Parigi celebra la grande pittrice italiana Artemisia Gentileschi

Sono circa 40 i dipinti che il Museo Jacquemart-André ha selezionato per portare al pubblico francese il meglio di Artemisia Gentileschi, per la prima monografica parigina della pittrice

È una delle mostre più attese della stagione e, a giudicare dall’affollamento dei primi giorni di apertura, Artemisia Eroina dell’arte al Museo Jacquemart-André ha conquistato i parigini (e non solo). Quella allestita nel palazzo di boulevard Haussmann che appartenne a Nélie Jacquemart e Édouard André, due raffinati collezionisti della fine del XIX Secolo, è la prima esposizione monografica dedicata ad Artemisia Gentileschi (Roma, 1593 – Napoli, 1653), una delle protagoniste della pittura europea nella prima metà del XVII Secolo, nella capitale francese.

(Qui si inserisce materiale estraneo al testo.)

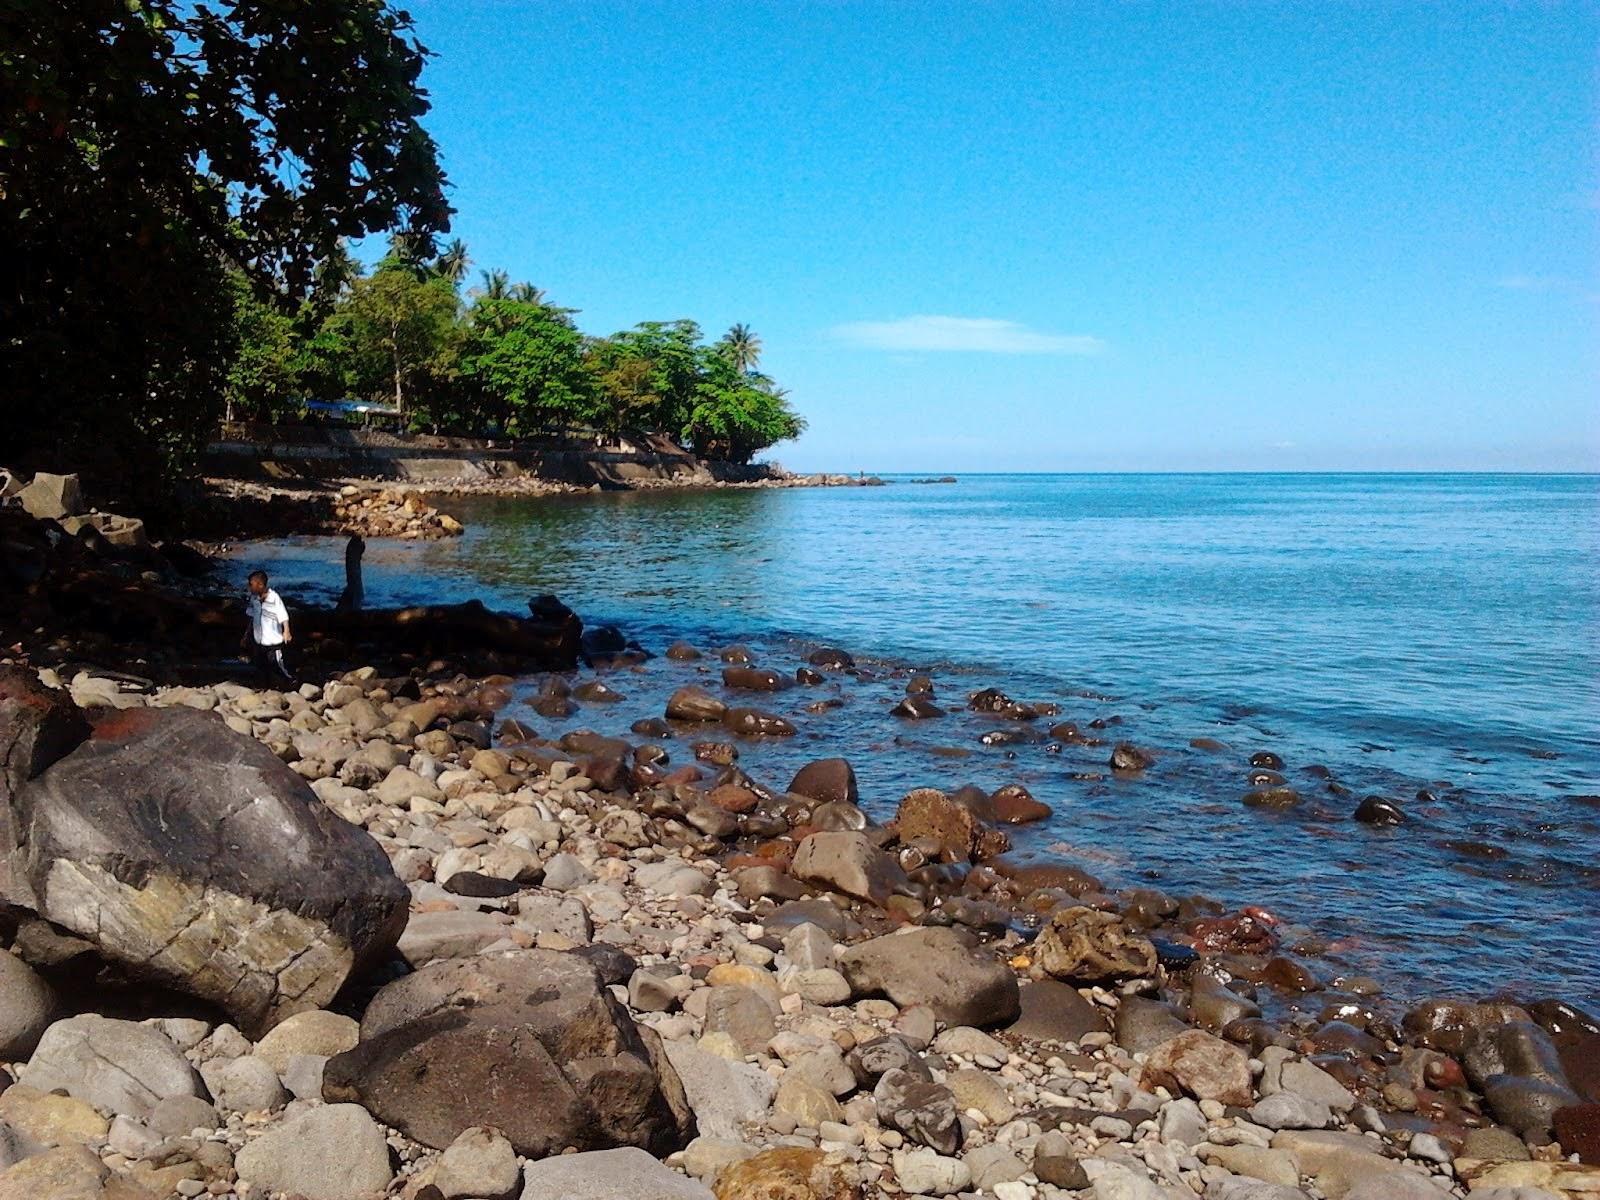 Inilah Rincian Kecamatan Malalayang Kota Manado News Pantai

Artemisia Gentileschi a Parigi, tra capolavori e opere di recente attribuzione

Una quarantina di quadri – di cui ventisette (su un corpus di circa un centinaio di opere attribuite) in gran parte firmati e altri di recente attribuzione, affiancati da una dozzina di tele di suoi contemporanei, a partire da quelli del padre, Orazio Gentileschi (Pisa, 1563 – Londra 1639), presso la cui bottega la pittrice nata a Roma nel 1593 si formò – servono a delineare i grandi temi con cui si confronterà Artemisia, artista assai reputata in vita e con committenze di altissimo livello in tutta Europa. Le curatrici italiane Patrizia Cavazzini (membro del comitato scientifico della Galleria Borghese dove, nel 2022, ha curato l’esposizione Meraviglia senza tempo) e Maria Cristina Terzaghi (professoressa di Storia dell’arte moderna all’Università di Roma Tre e membro del comitato scientifico del Museo di Capodimonte a Napoli), affiancate da Pierre Curie (conservatore del Museo Jacquemart-André) hanno scelto di articolare il percorso della mostra in otto sezioni. La selezione non è cronologica, ma tematica e inevitabilmente condizionata da alcuni accadimenti drammatici nella vita della pittrice, a partire dallo stupro subito nel 1611 da parte di Agostino Tassi, un pittore che frequentava la bottega del padre. Evento che contribuì a indirizzare l’artista sulla via di un’indipendenza inusuale per una donna del Seicento e a favorirne anche una riscoperta in chiave protofemminista. Si pensi al romanzo “a specchio” che le dedicò Anna Banti (Artemisia, Sansoni, 1947) che, non dimentichiamolo, era moglie di Roberto Longhi, già autore nel 1916 di un saggio sui Gentileschi, padre e figlia.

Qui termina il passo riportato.